(DATA SEGMENT):

Start of Block

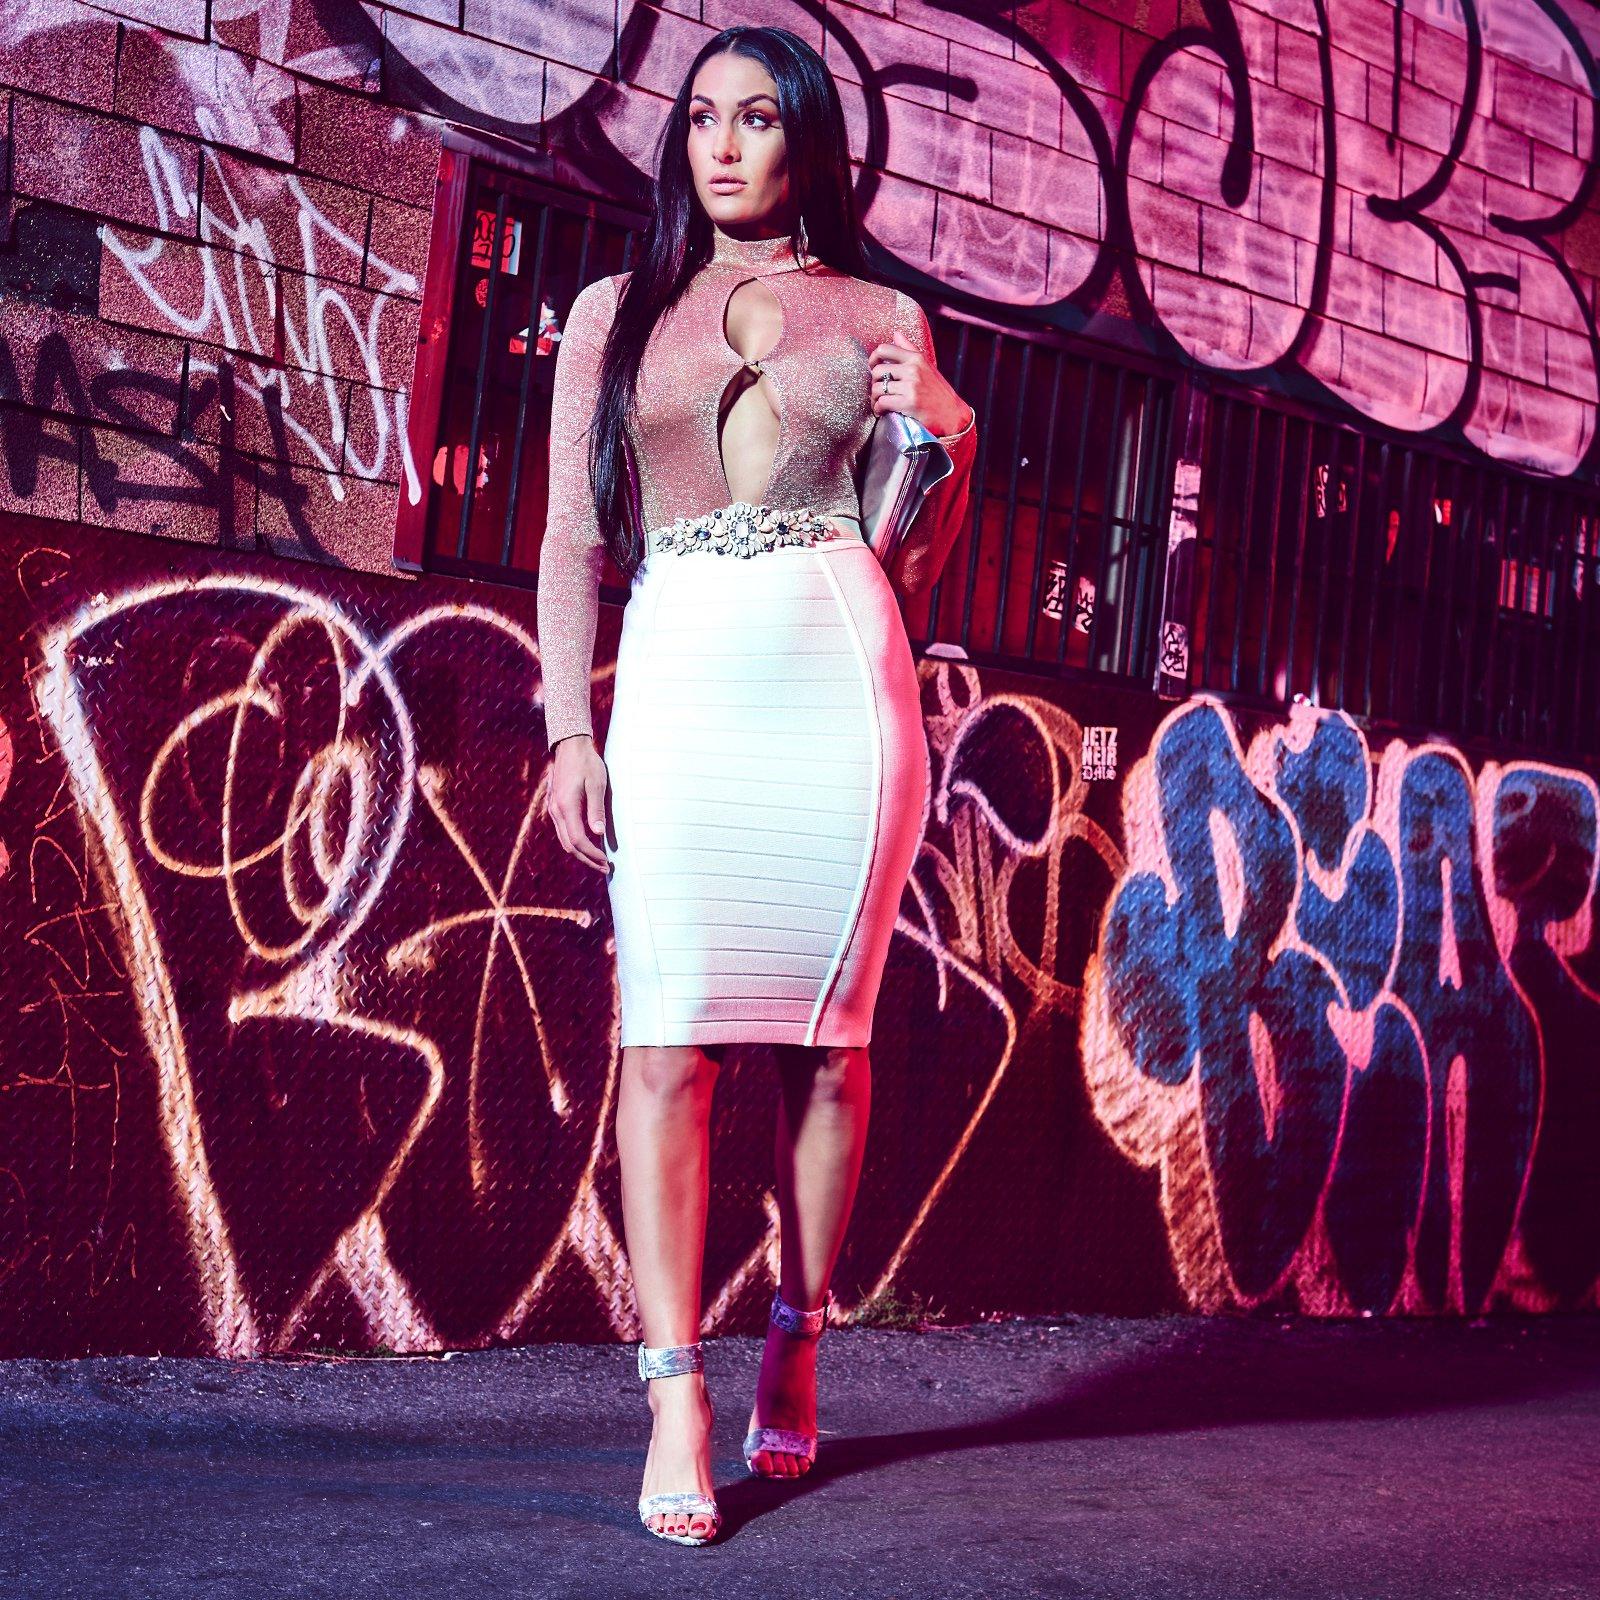 Nikki Bella Alexa Bliss And Naomi In New York City Nights
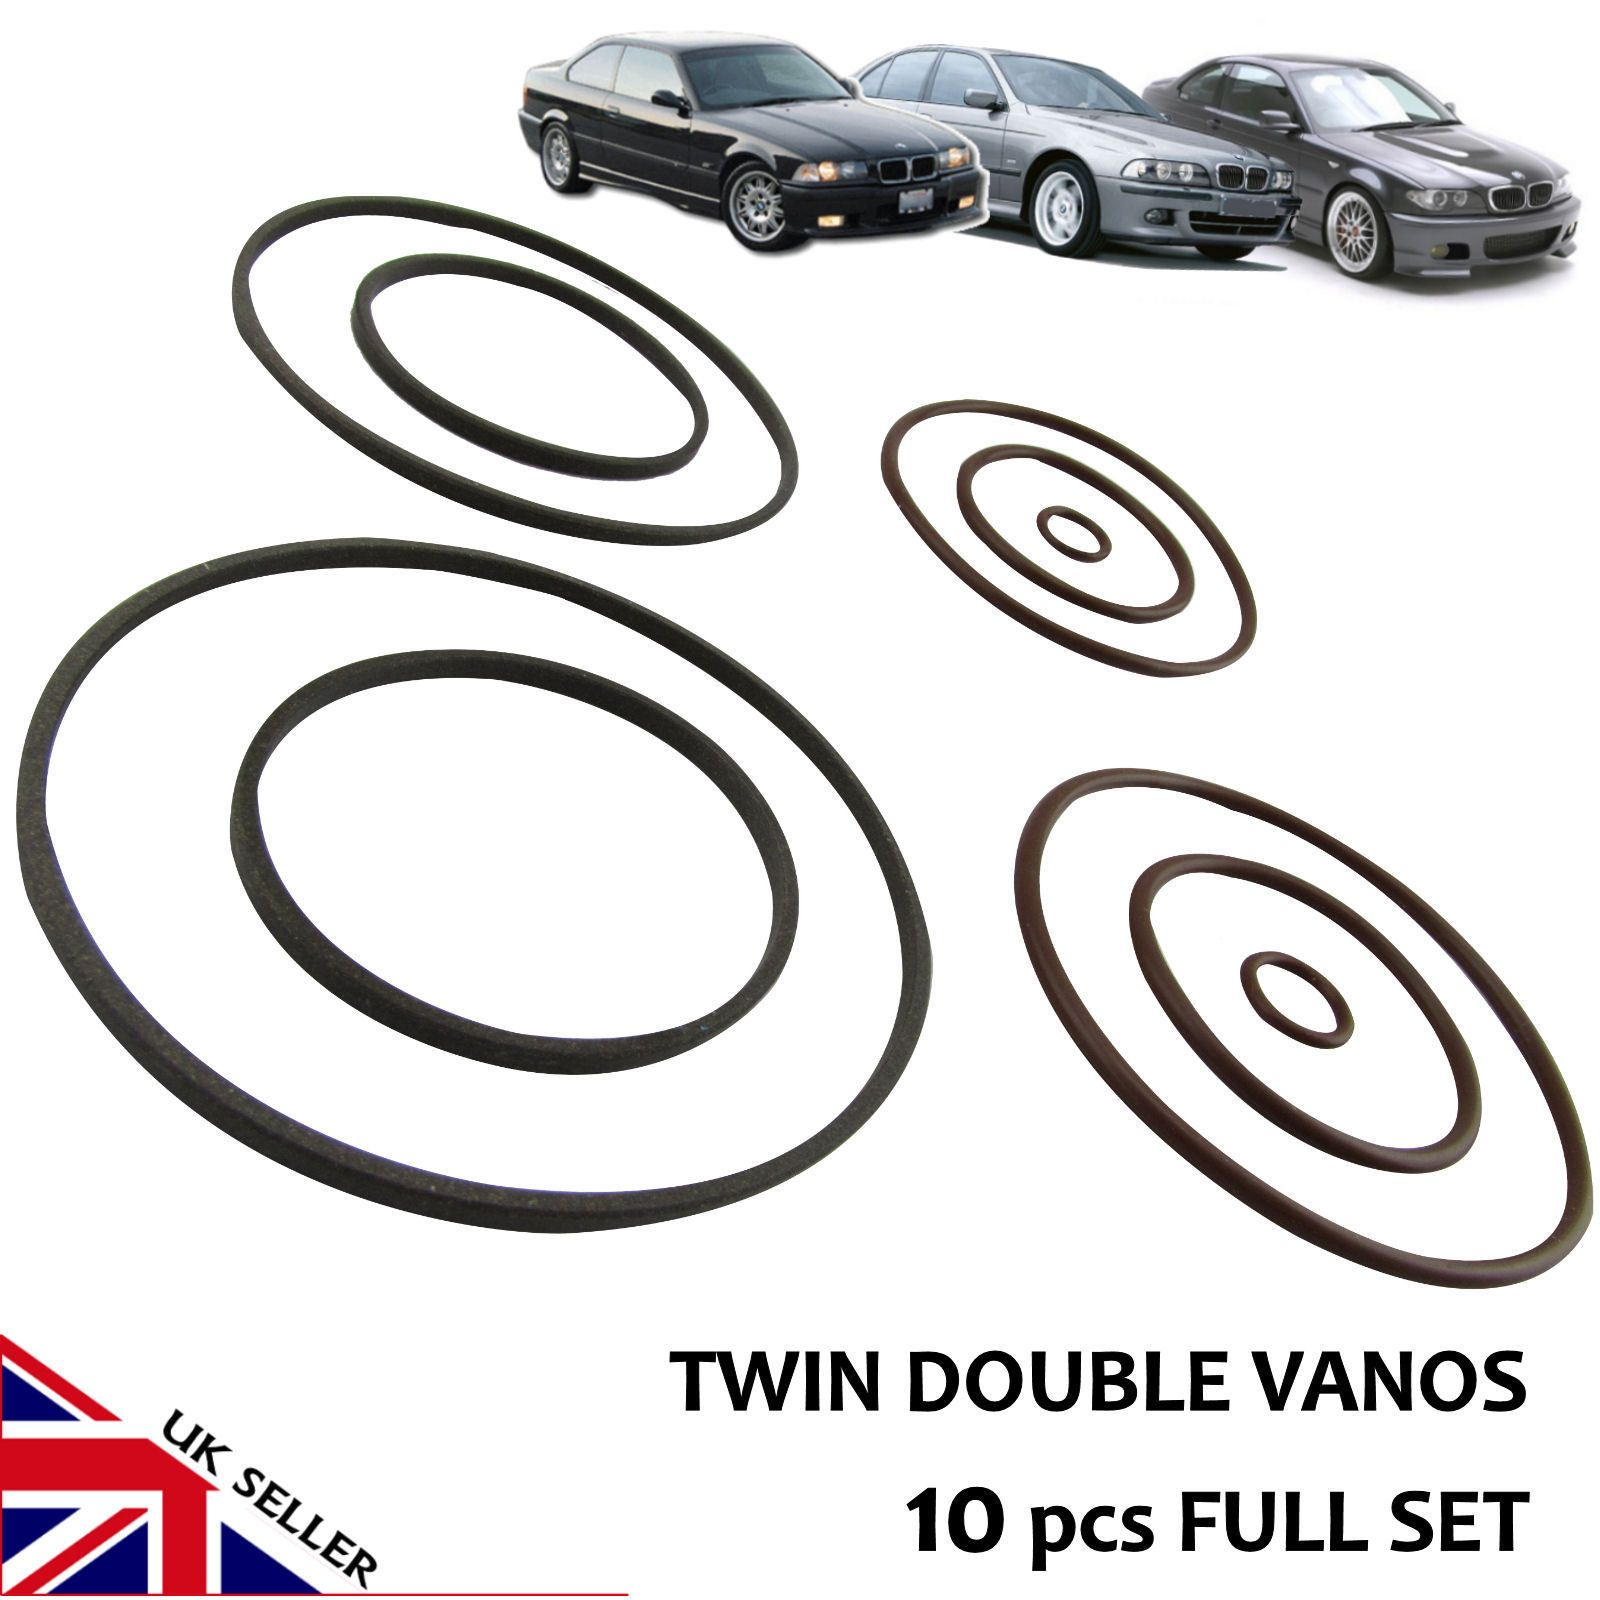 BMW VANOS SEALS Twin Double Dual VANOS Repair upgrade Set For M52TU M54 M56 New
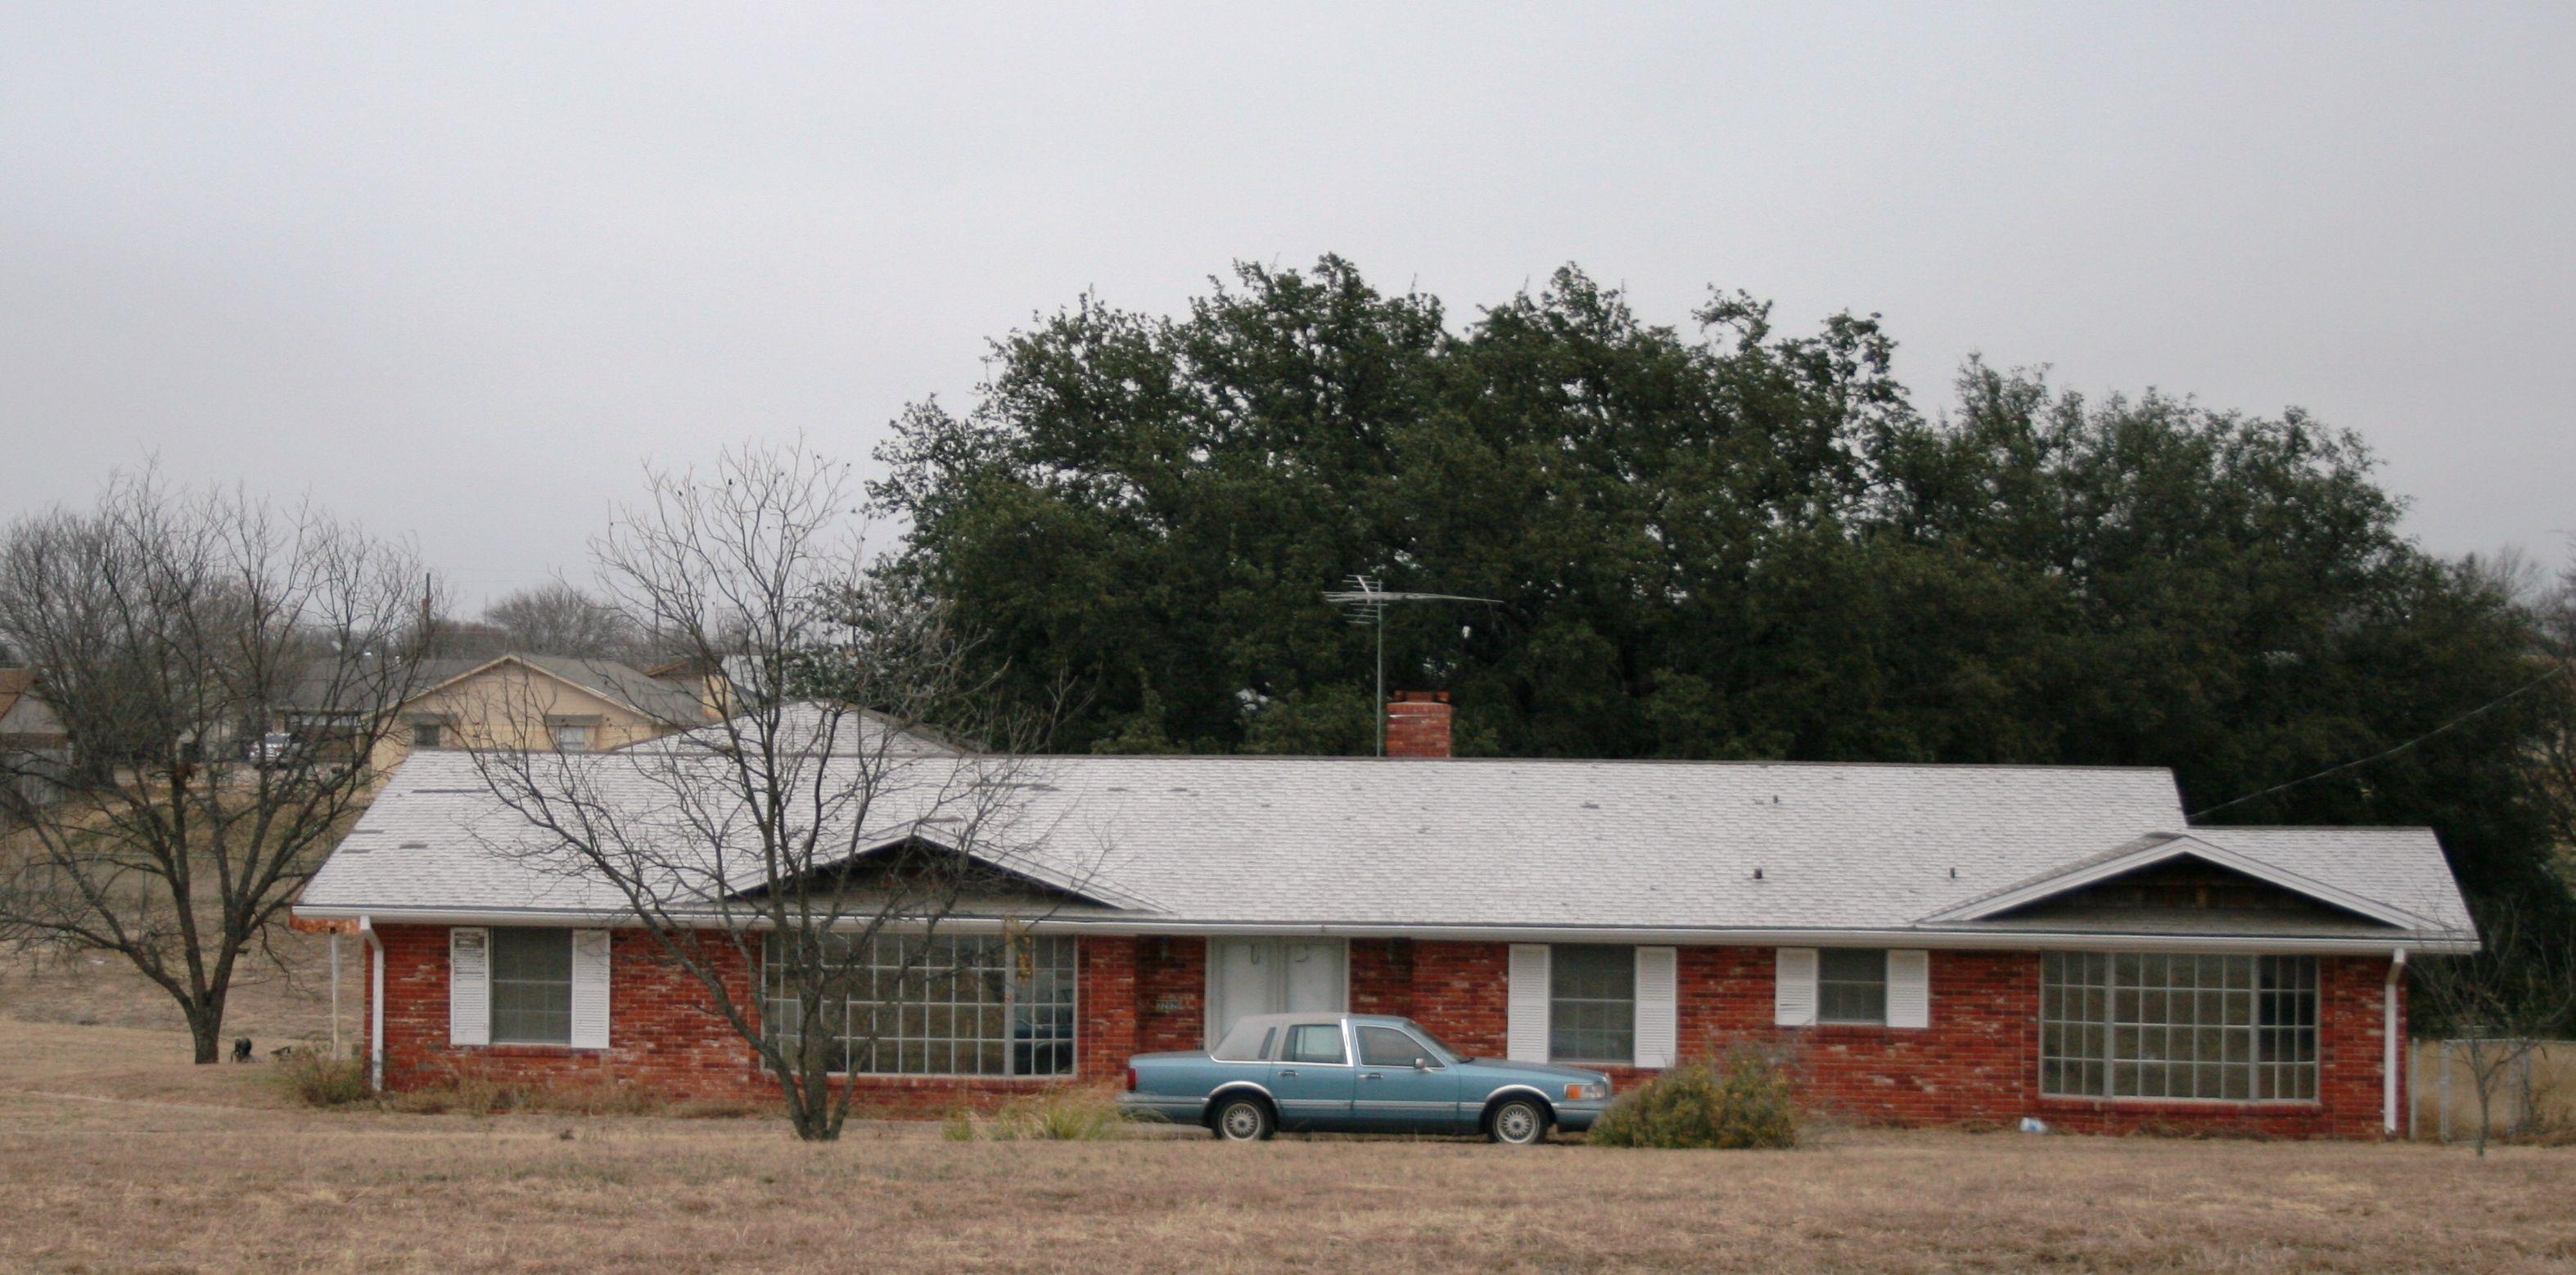 Home For Sale Killeen Texas 3100 Sf Home On 8 5 Acres In Killeen Texas Horses Ok 4 Bedroom 3 Bath 2 Living 2 D Killeen Texas Homes For Sale Texas Homes

End of Block

(REQUIREMENT):
Set down the material above word for word and skip its pictures.

(SOLUTION FOR THIS TASK):
 Nikki Bella Alexa Bliss And Naomi In New York City Nights
 BMW VANOS SEALS Twin Double Dual VANOS Repair upgrade Set For M52TU M54 M56 New
 Home For Sale Killeen Texas 3100 Sf Home On 8 5 Acres In Killeen Texas Horses Ok 4 Bedroom 3 Bath 2 Living 2 D Killeen Texas Homes For Sale Texas Homes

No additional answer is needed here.